- [What is expected]
Could you repeat the listing exactly, leaving out the pictures?

======== Raw data

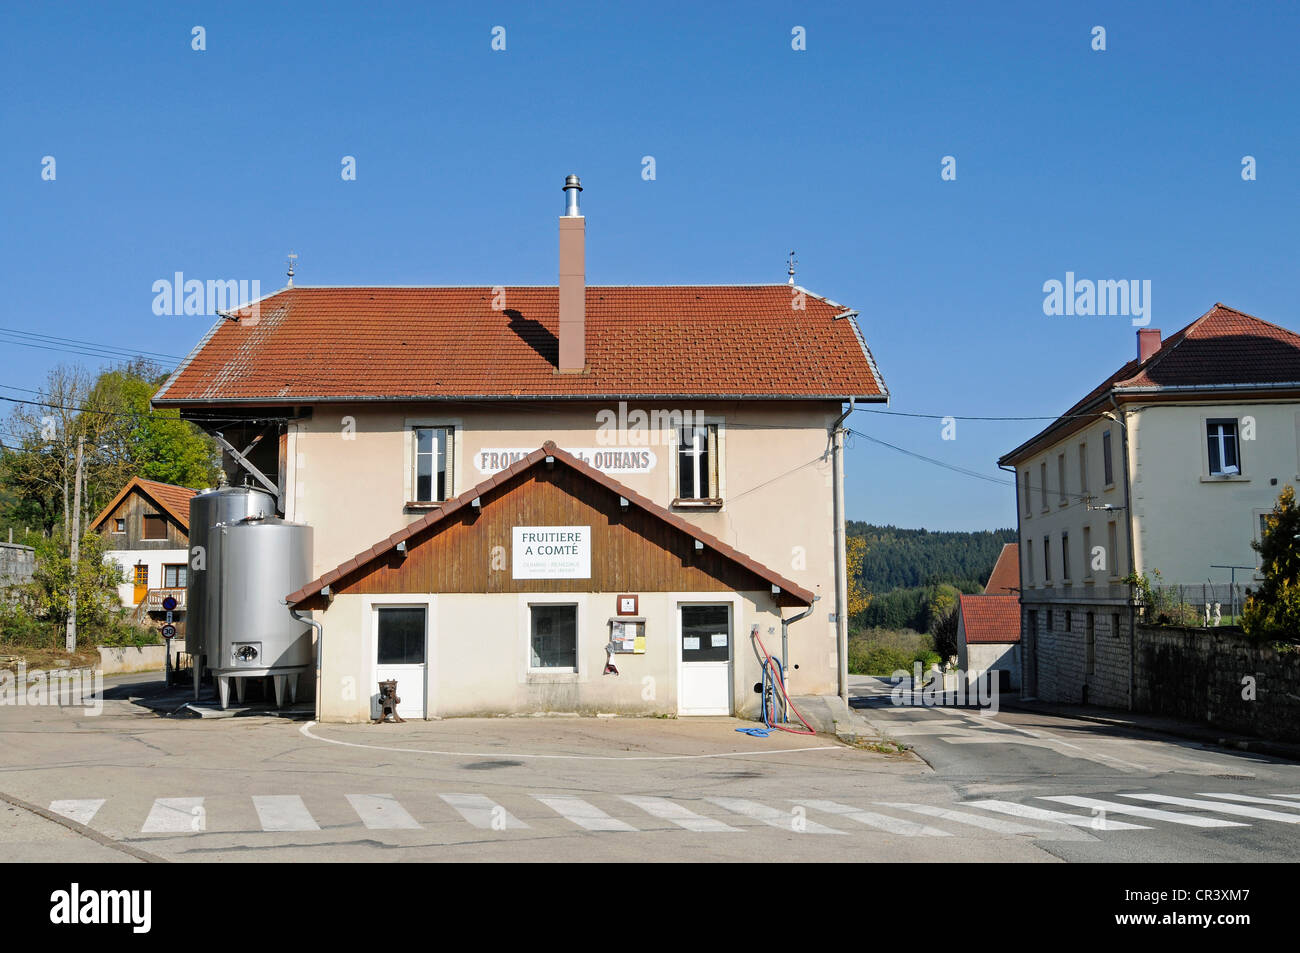 Cheese dairy, Ouhans, Pontarlier, departement of Doubs, Franche-Comte, France, Europe, PublicGround Stock Photo
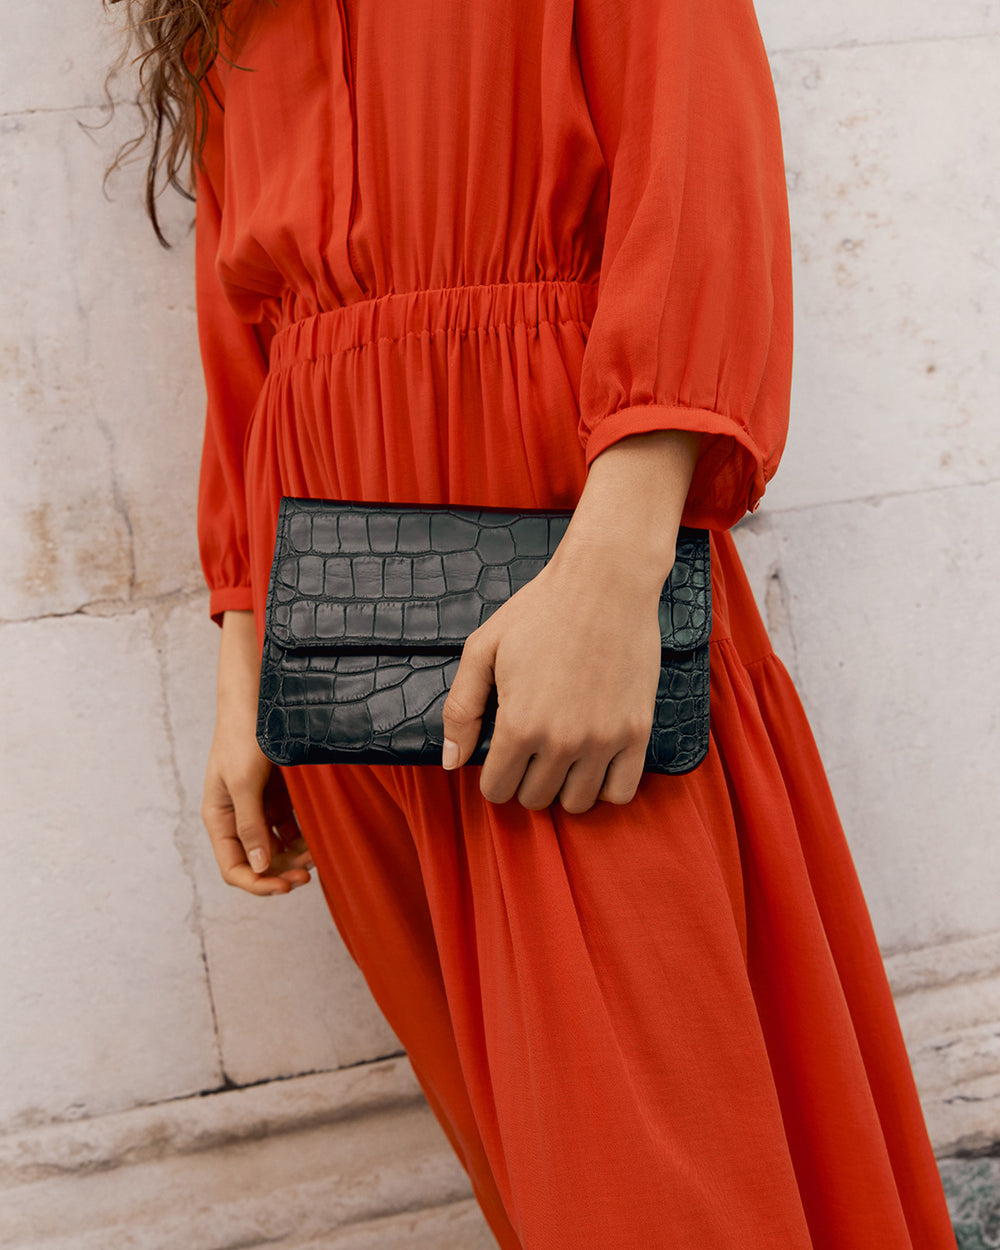 Person holding a croc-embossed leather clutch bag wearing a dress standing near a wall
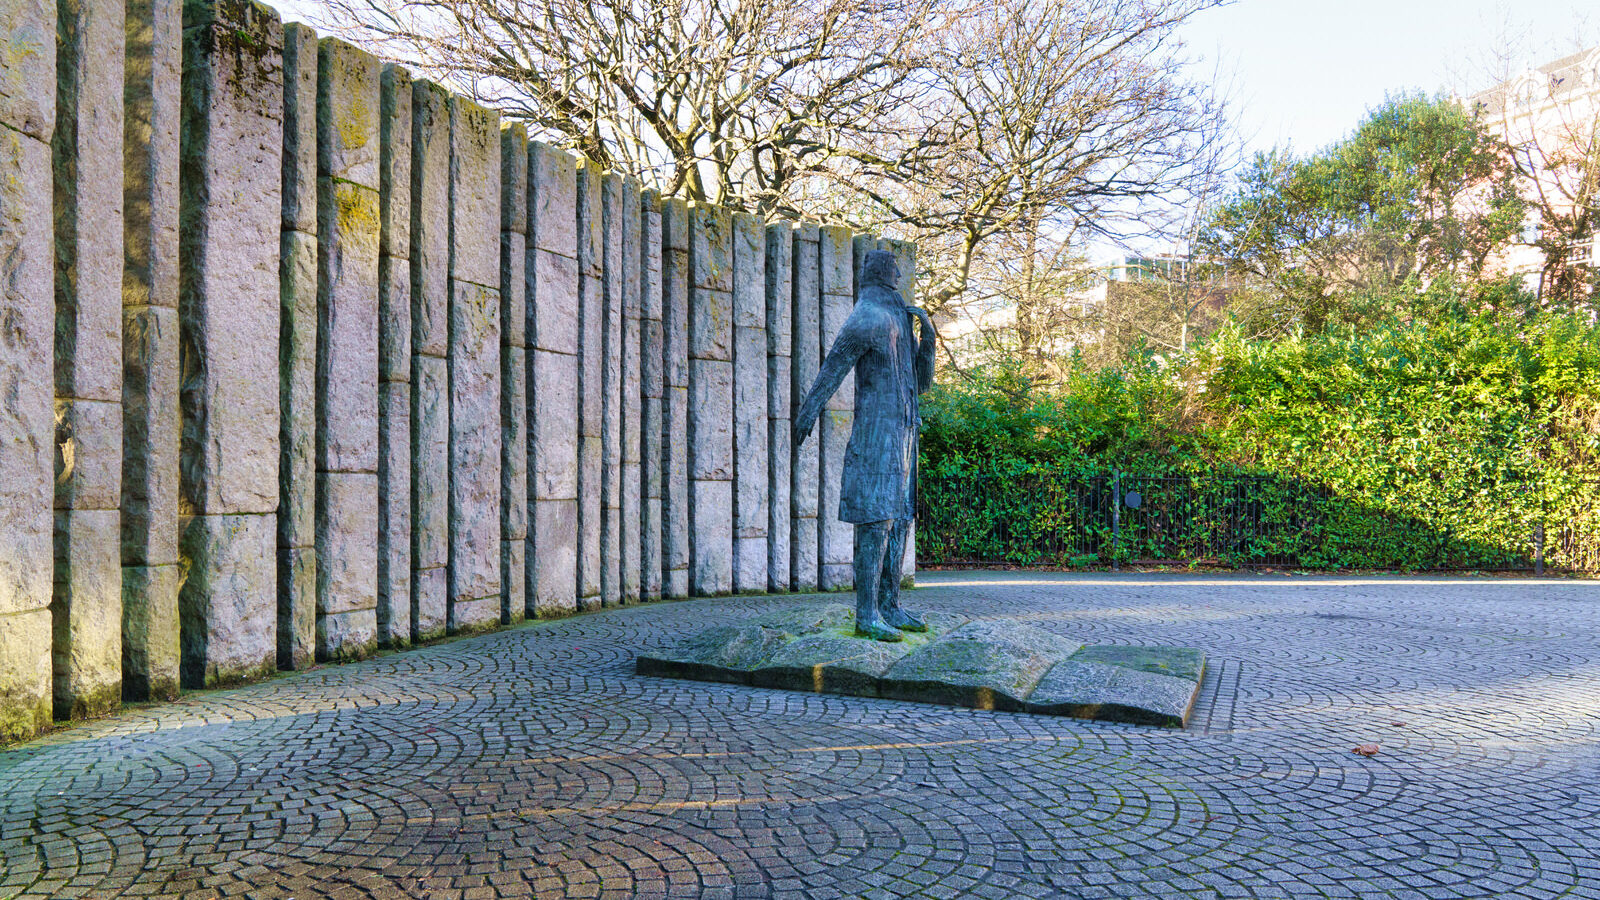 WOLFE TONE BY EDWARD DELANEY [I LIKE THE SETTING AT THE CORNER OF STEPHEN'S GREEN]-228100-1

================

- [Worked solution]
 Cheese dairy, Ouhans, Pontarlier, departement of Doubs, Franche-Comte, France, Europe, PublicGround Stock Photo
 Person holding a croc-embossed leather clutch bag wearing a dress standing near a wall
 WOLFE TONE BY EDWARD DELANEY [I LIKE THE SETTING AT THE CORNER OF STEPHEN'S GREEN]-228100-1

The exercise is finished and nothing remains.